## Data extract
########################################

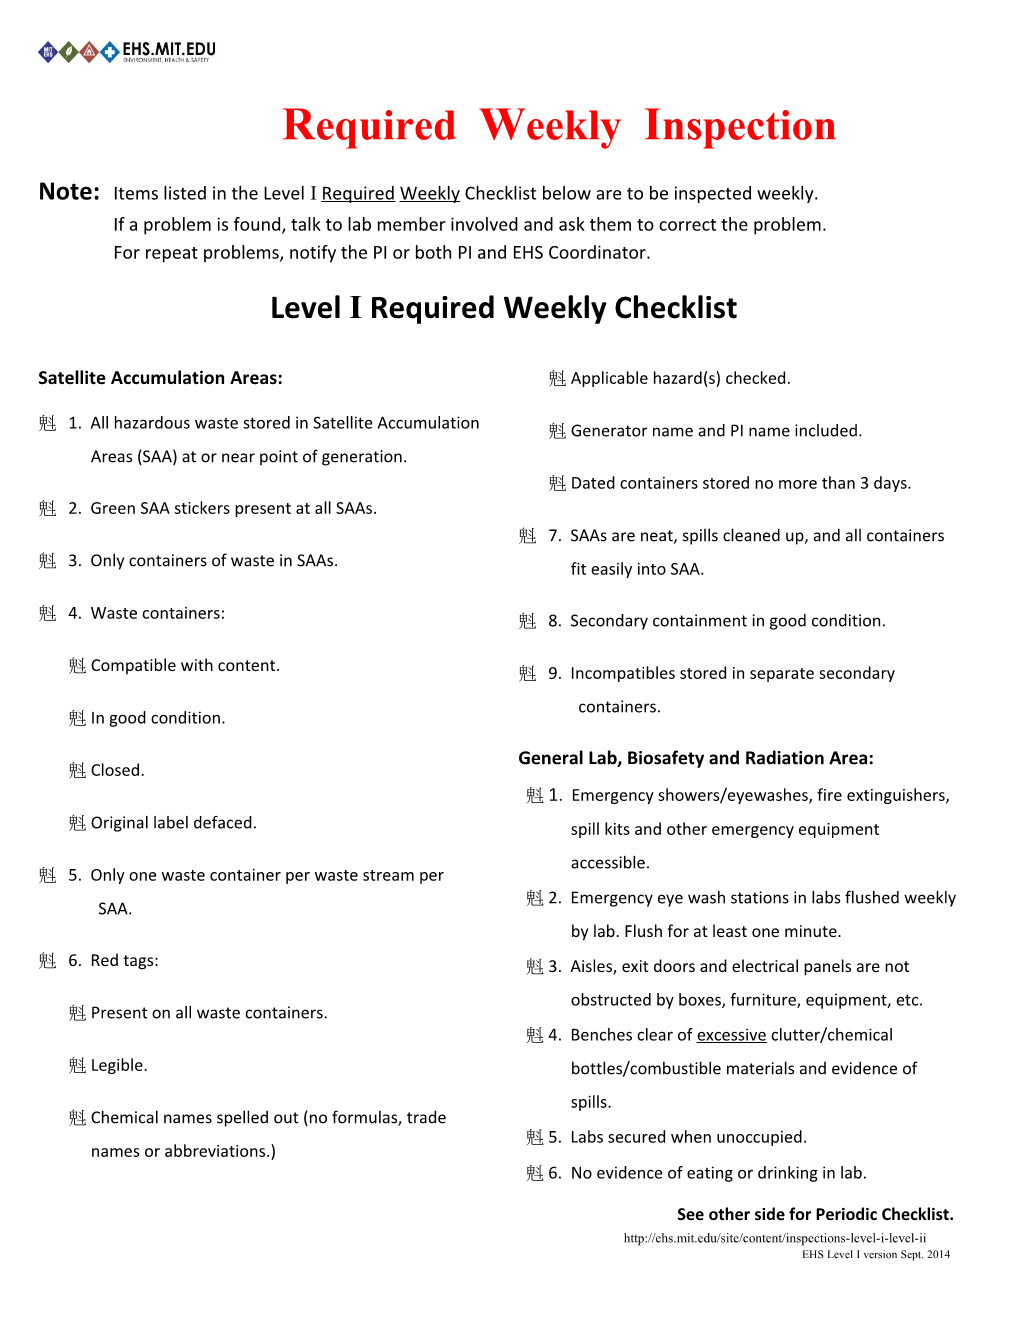 Level I Checklist for SAA Areas
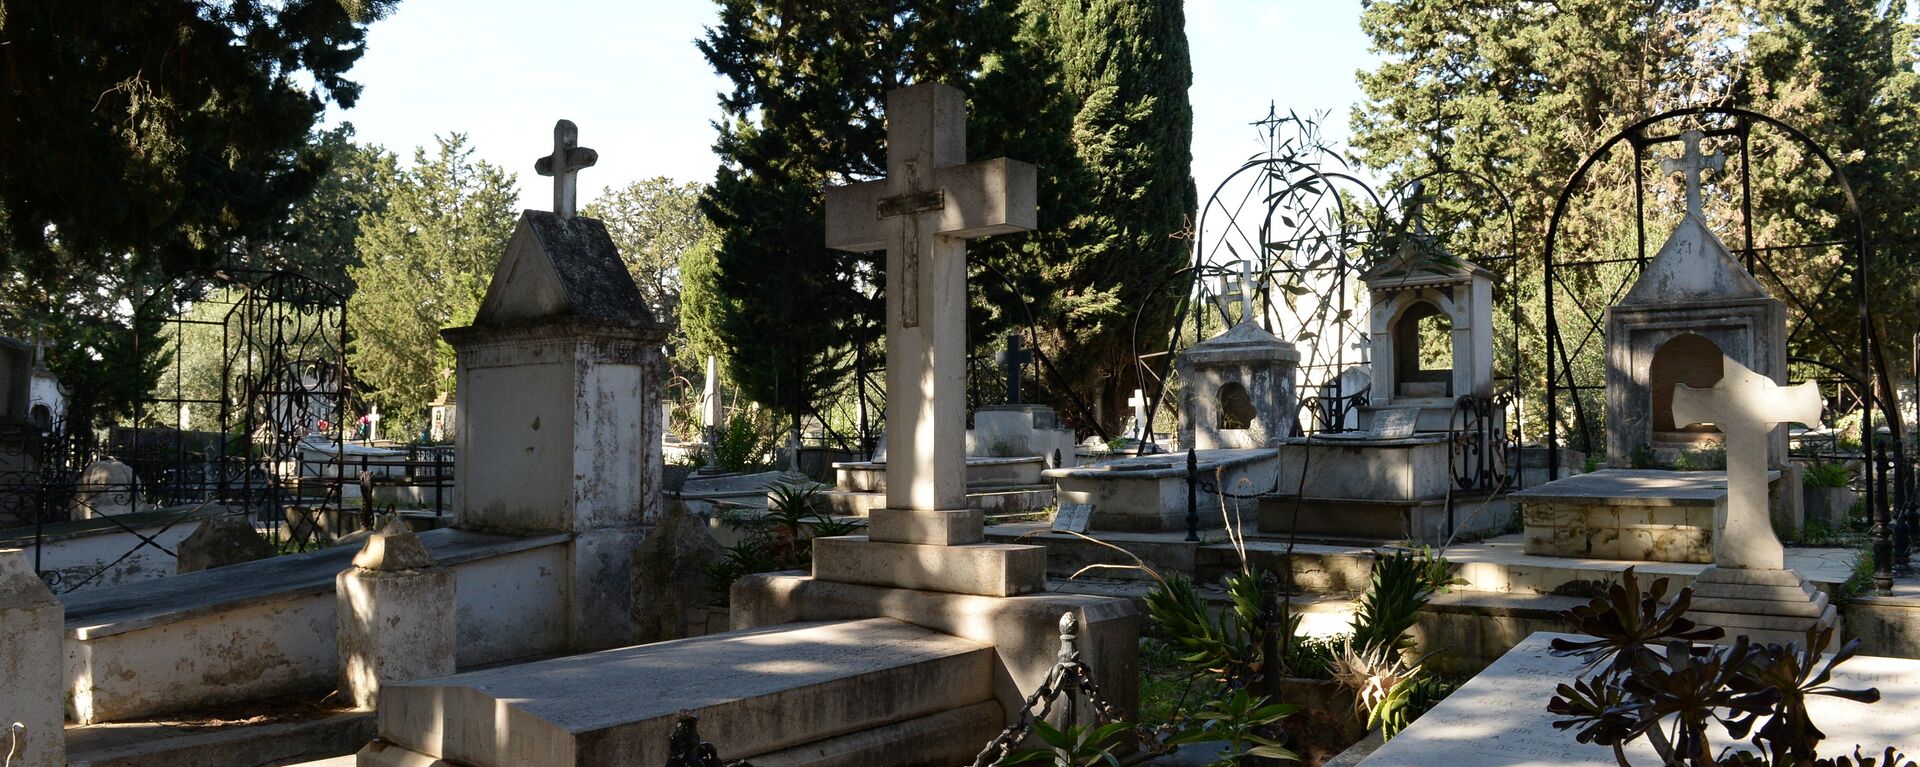 Cementerio - Sputnik Mundo, 1920, 15.04.2021
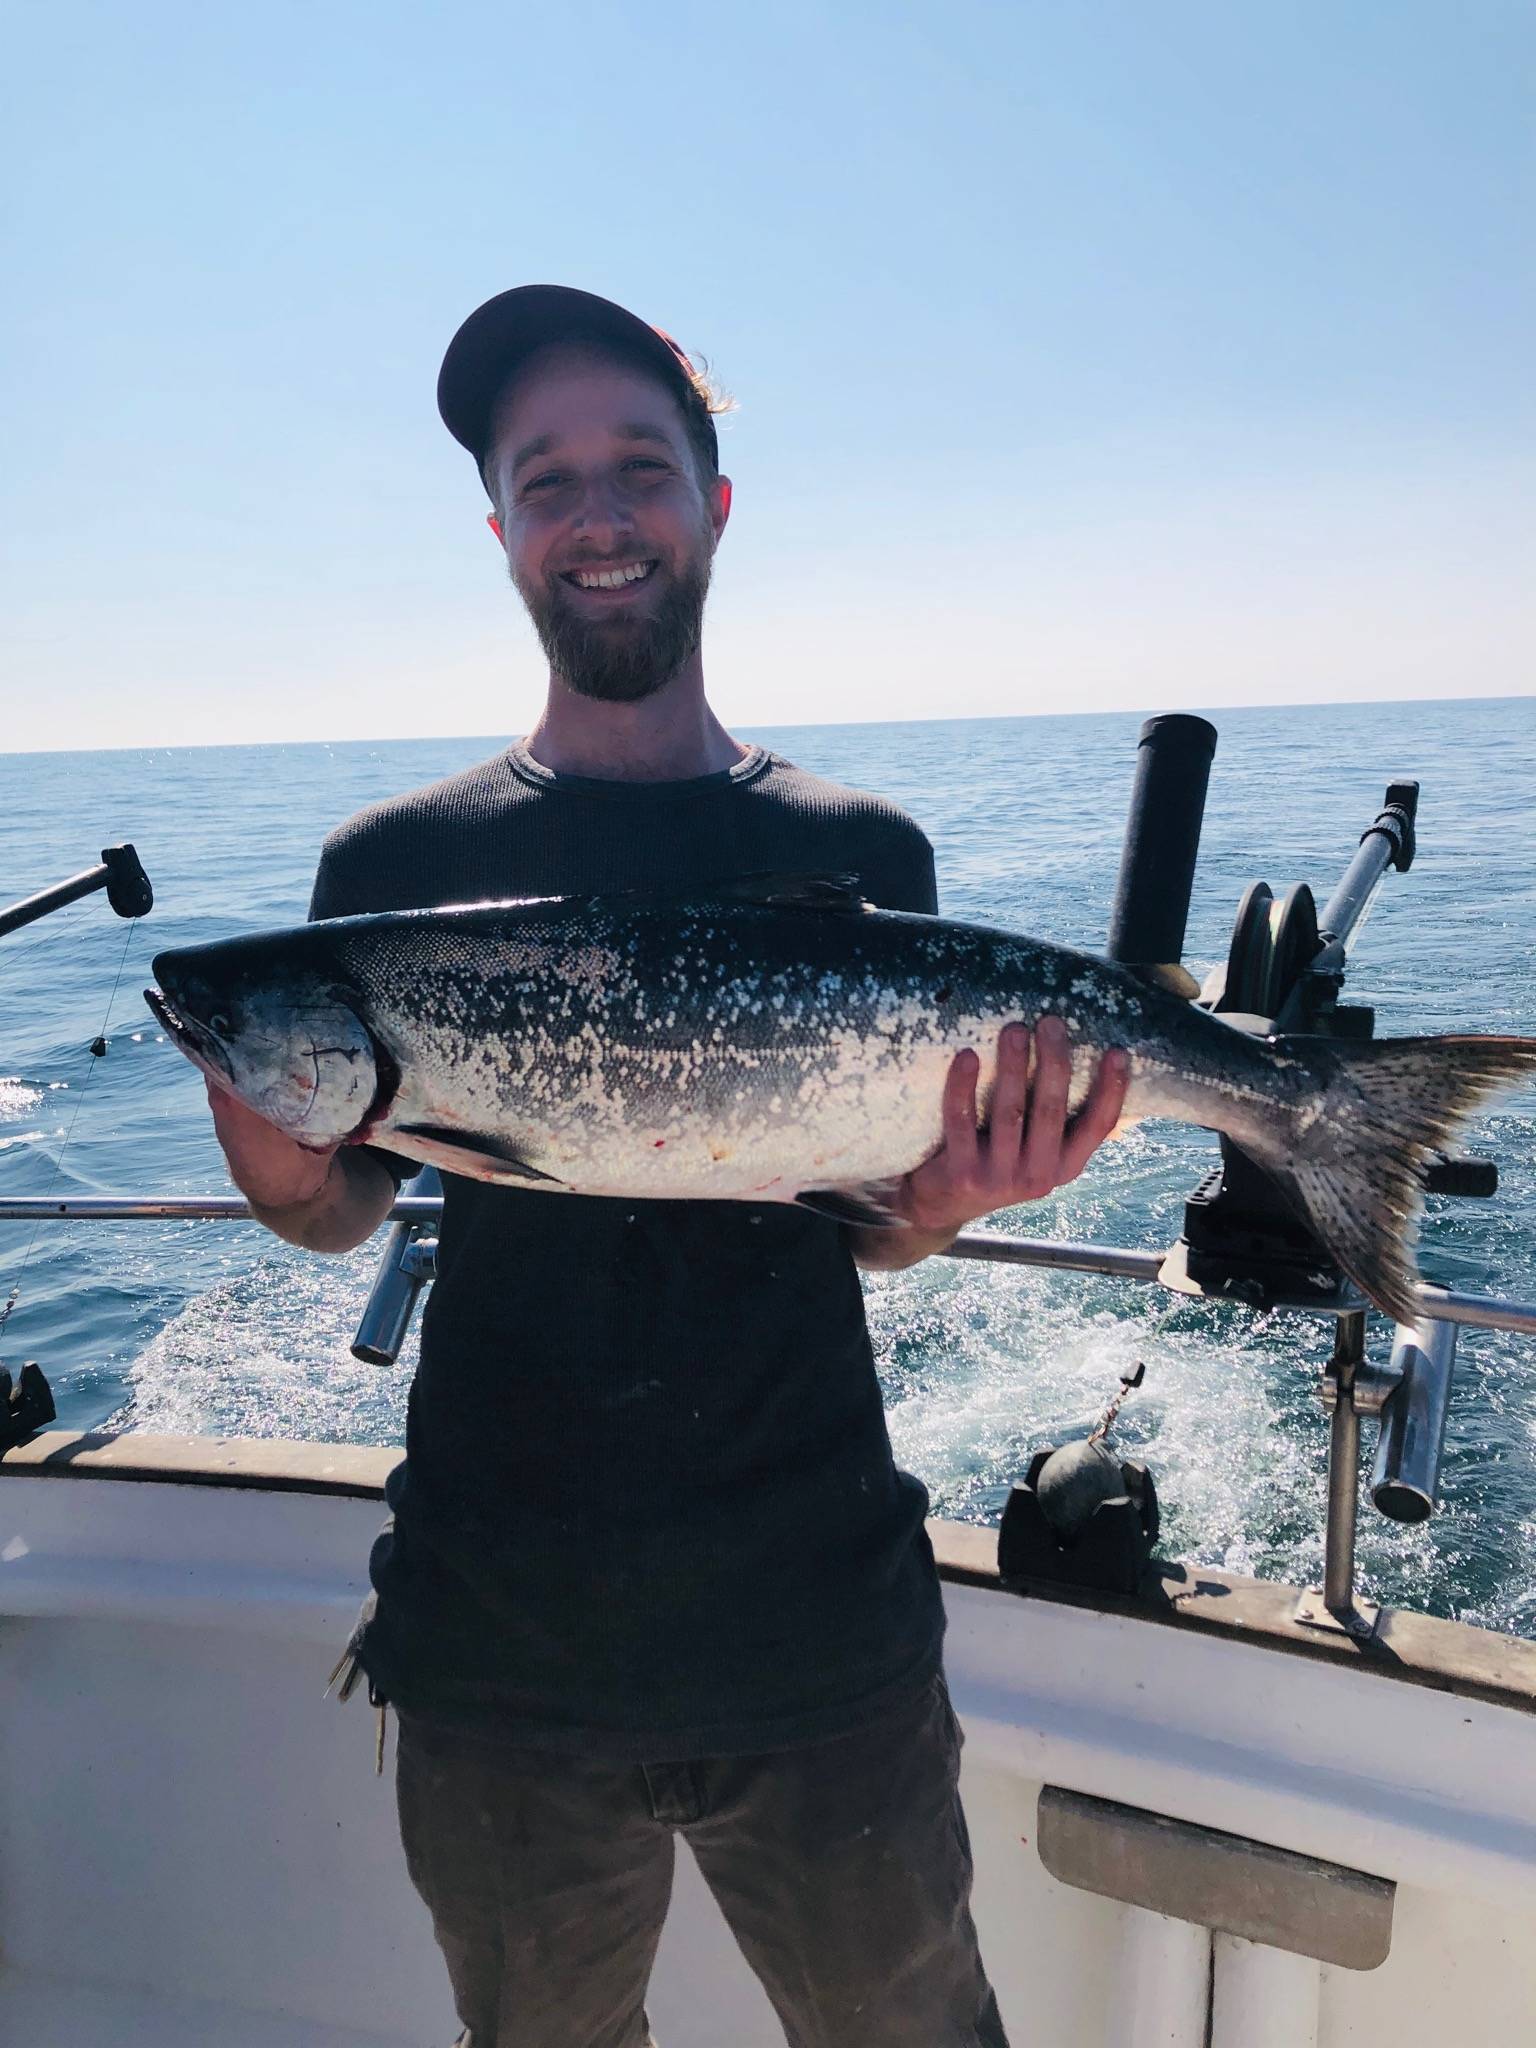 The author holds a king salmon caught on Aug. 16, 2020 in Kachemak Bay near Homer, Alaska. (Photo courtesy Lizzie Byrne)

########################################

Every line above should be returned word for word, with the pictures left behind.

## Result for this task
 Level I Checklist for SAA Areas
 Cementerio - Sputnik Mundo, 1920, 15.04.2021
 The author holds a king salmon caught on Aug. 16, 2020 in Kachemak Bay near Homer, Alaska. (Photo courtesy Lizzie Byrne)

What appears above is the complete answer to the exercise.